▸ TASK
Would you return the data exactly as given, except for its pictures?

▸ SOURCE DATA
* * * * *

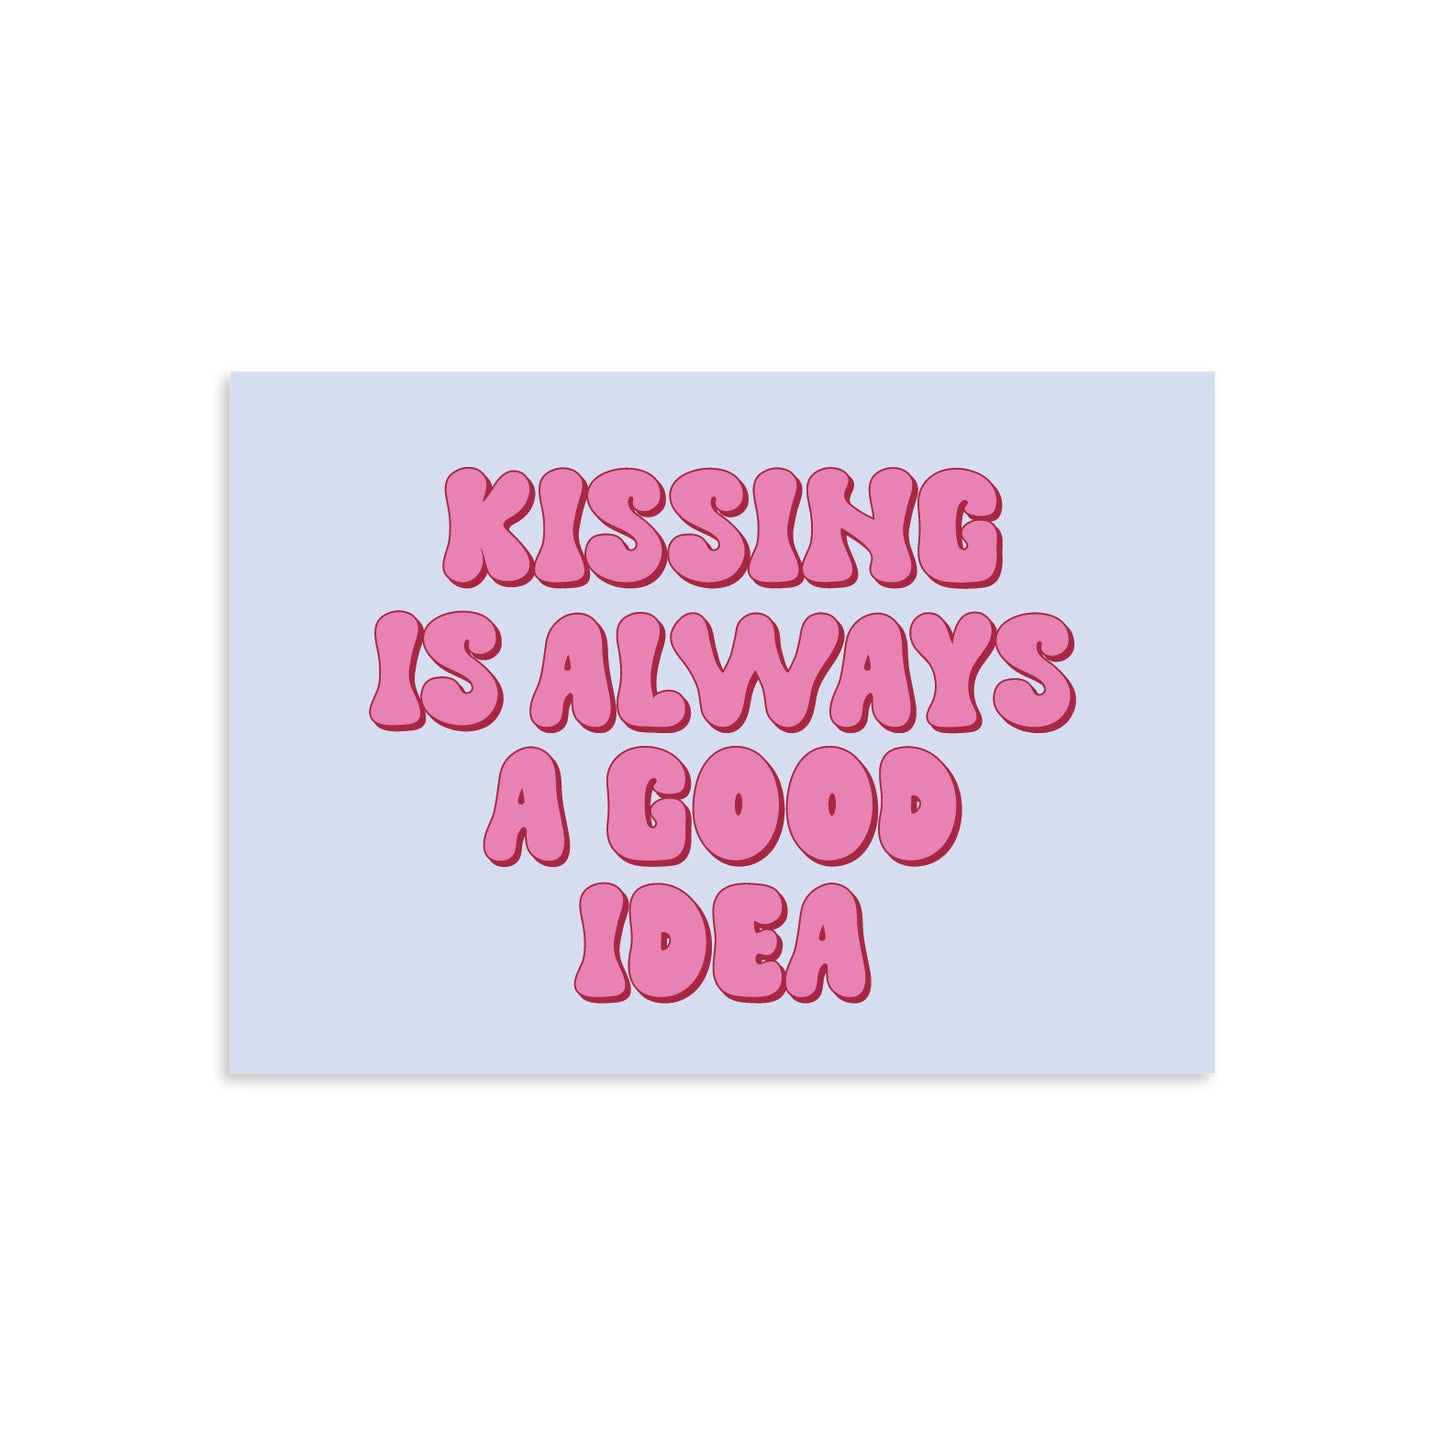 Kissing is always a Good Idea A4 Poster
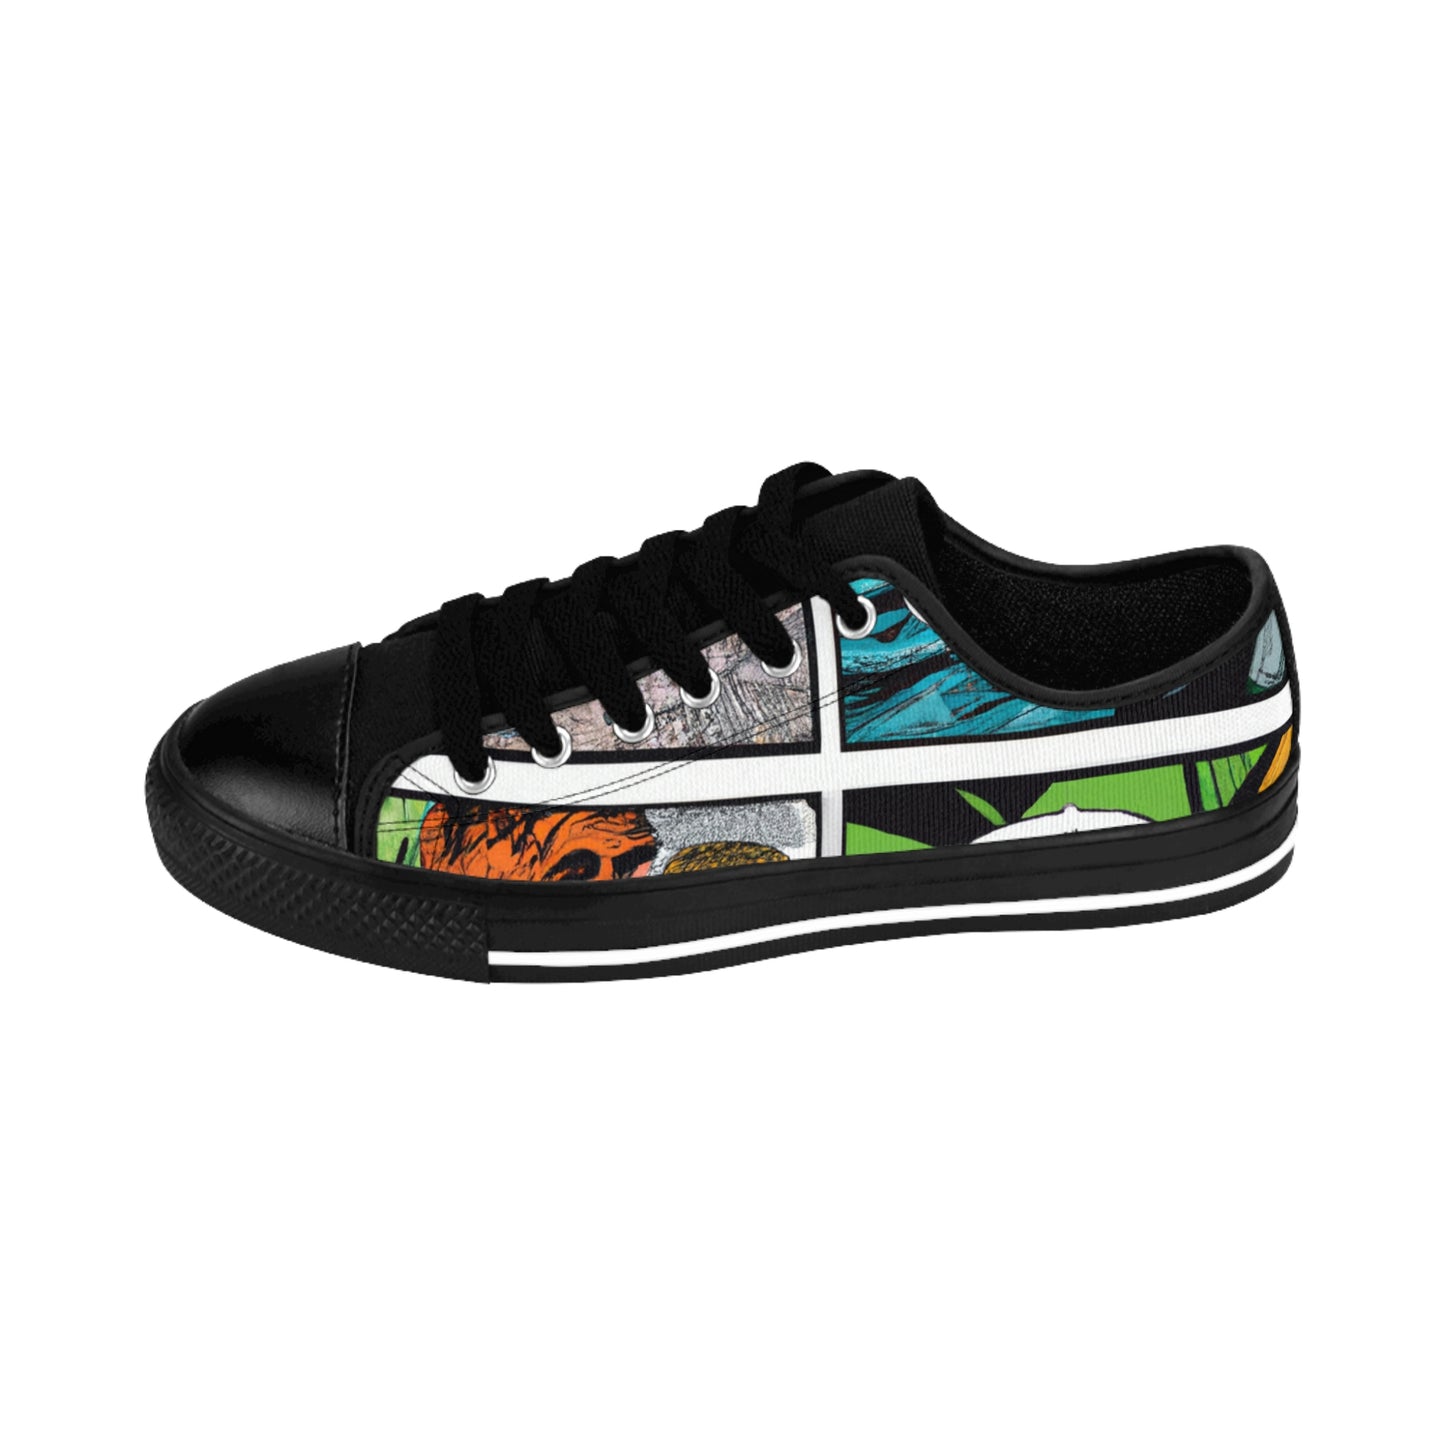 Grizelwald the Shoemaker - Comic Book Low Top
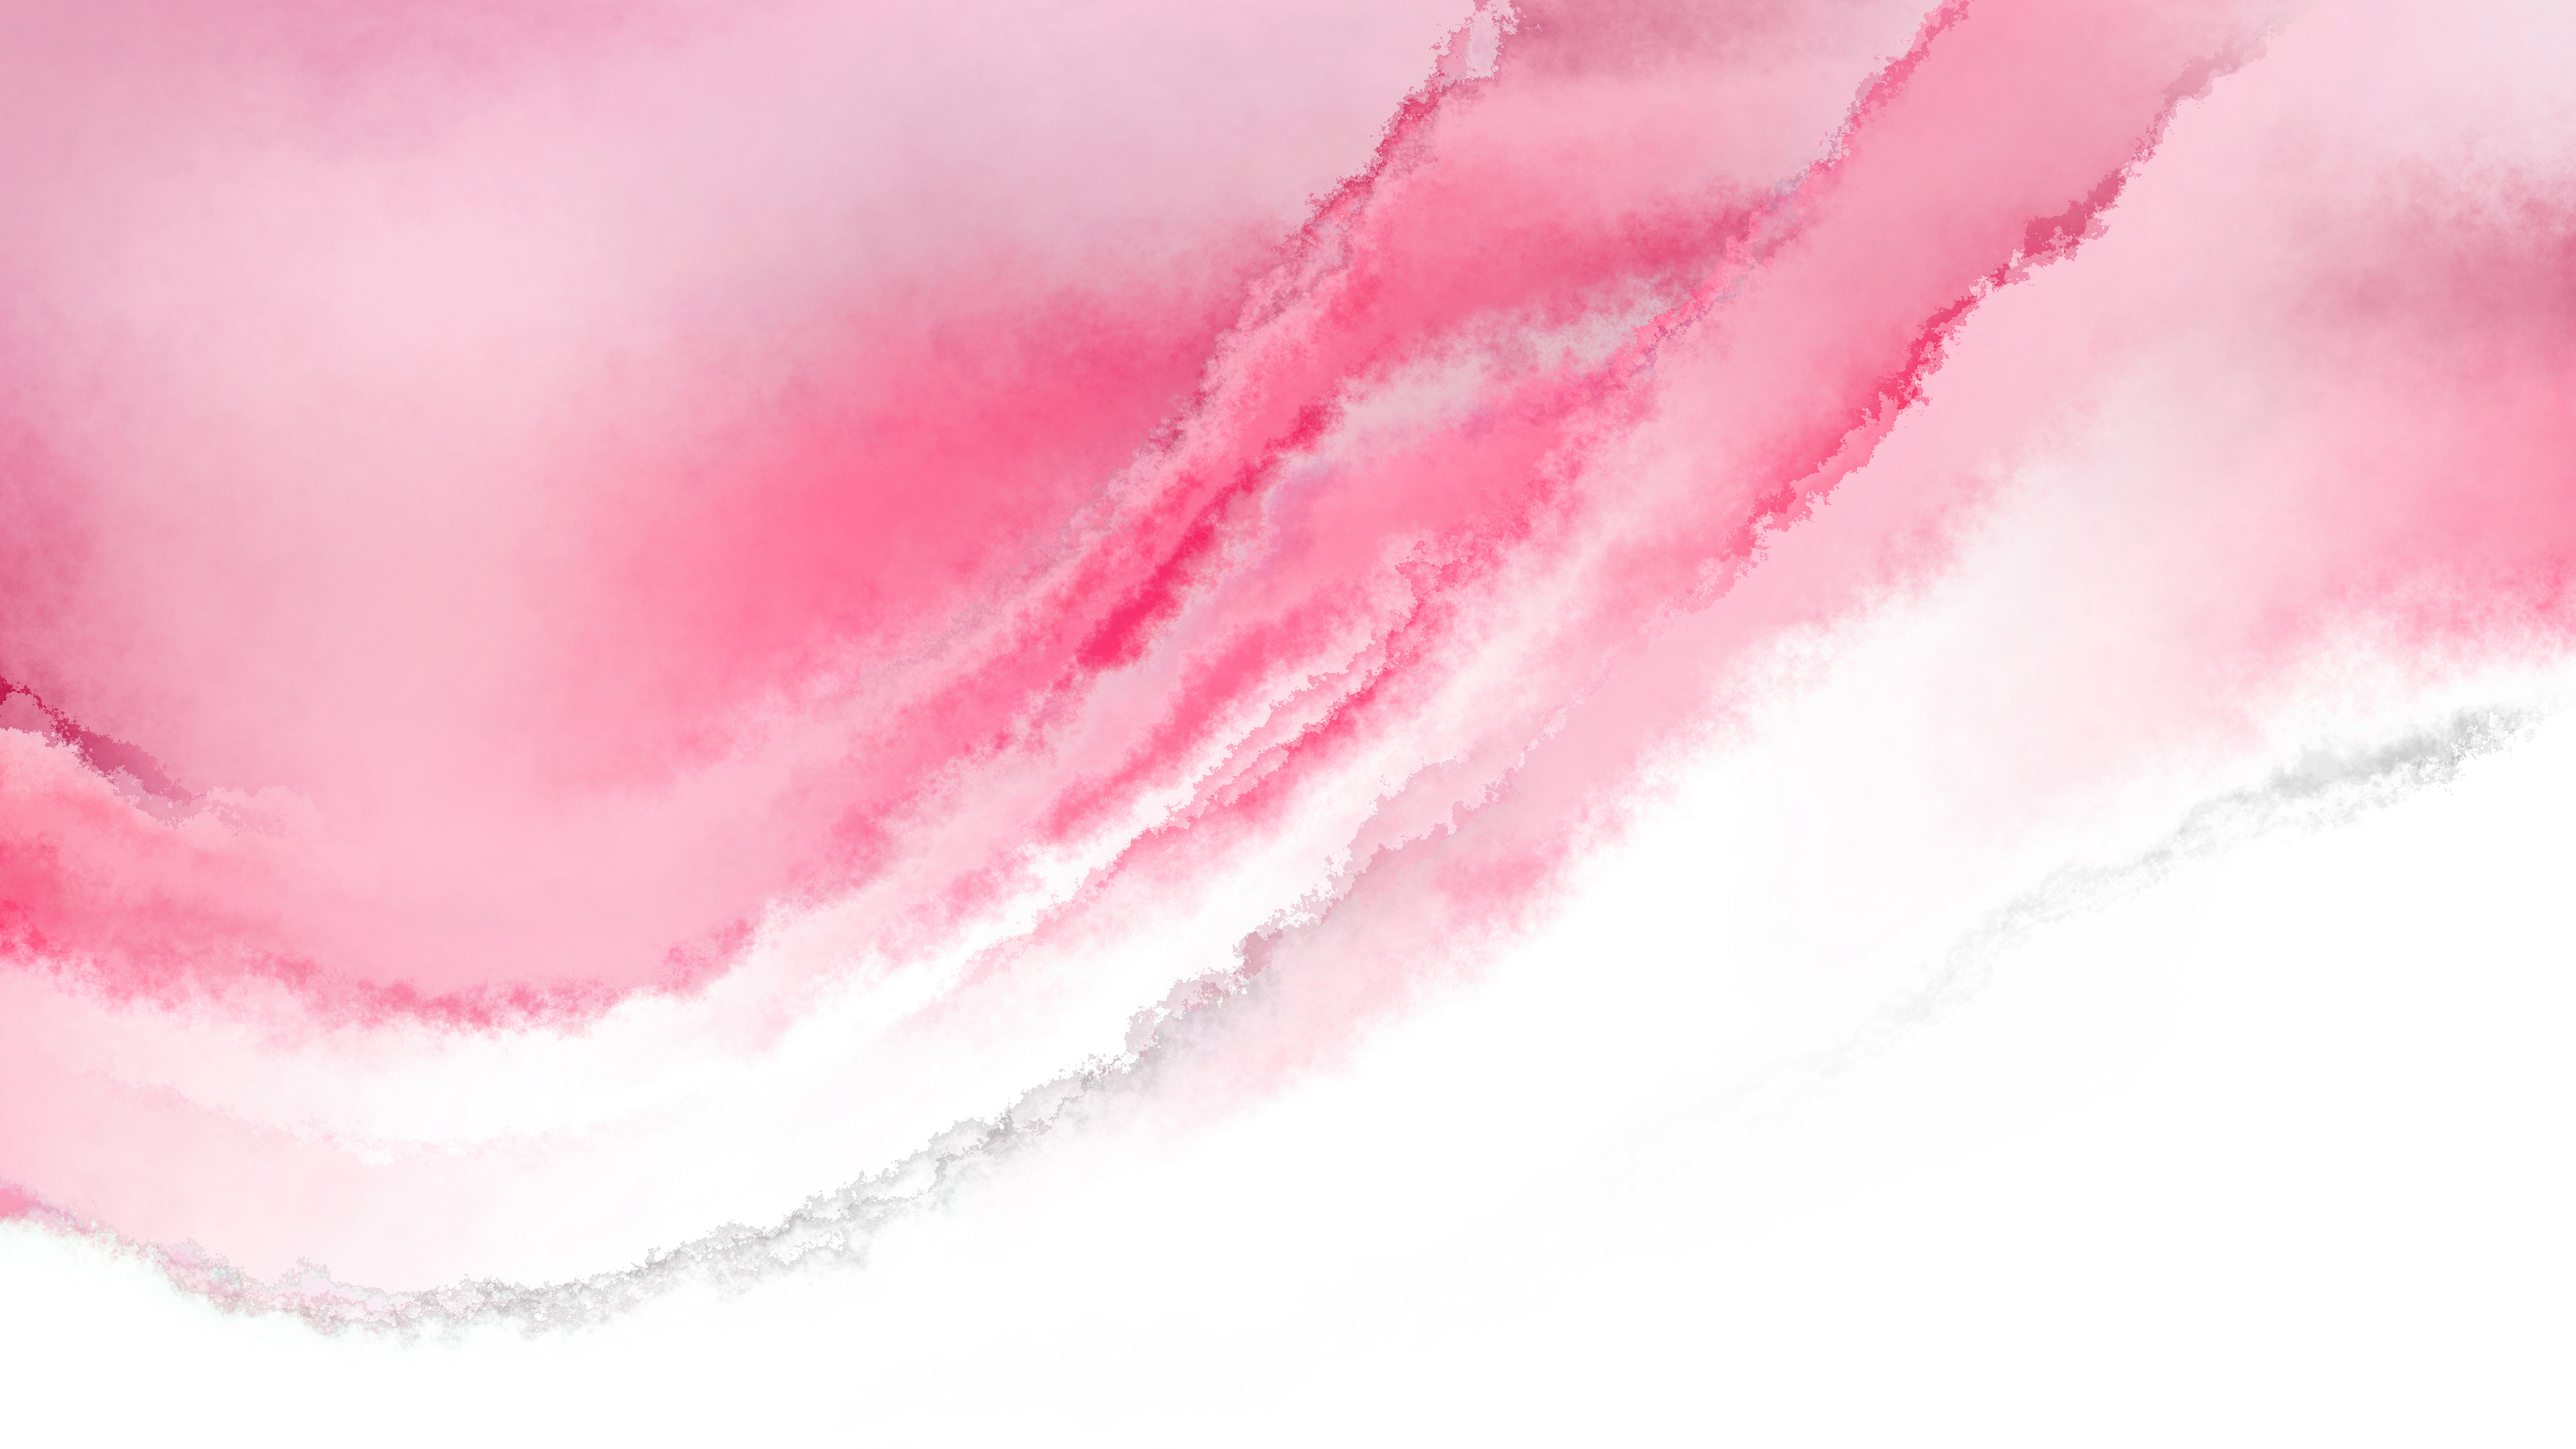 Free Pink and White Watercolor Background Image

* * * * *

▸ WRITTEN REPLY
 Kissing is always a Good Idea A4 Poster
 Grizelwald the Shoemaker - Comic Book Low Top
 Free Pink and White Watercolor Background Image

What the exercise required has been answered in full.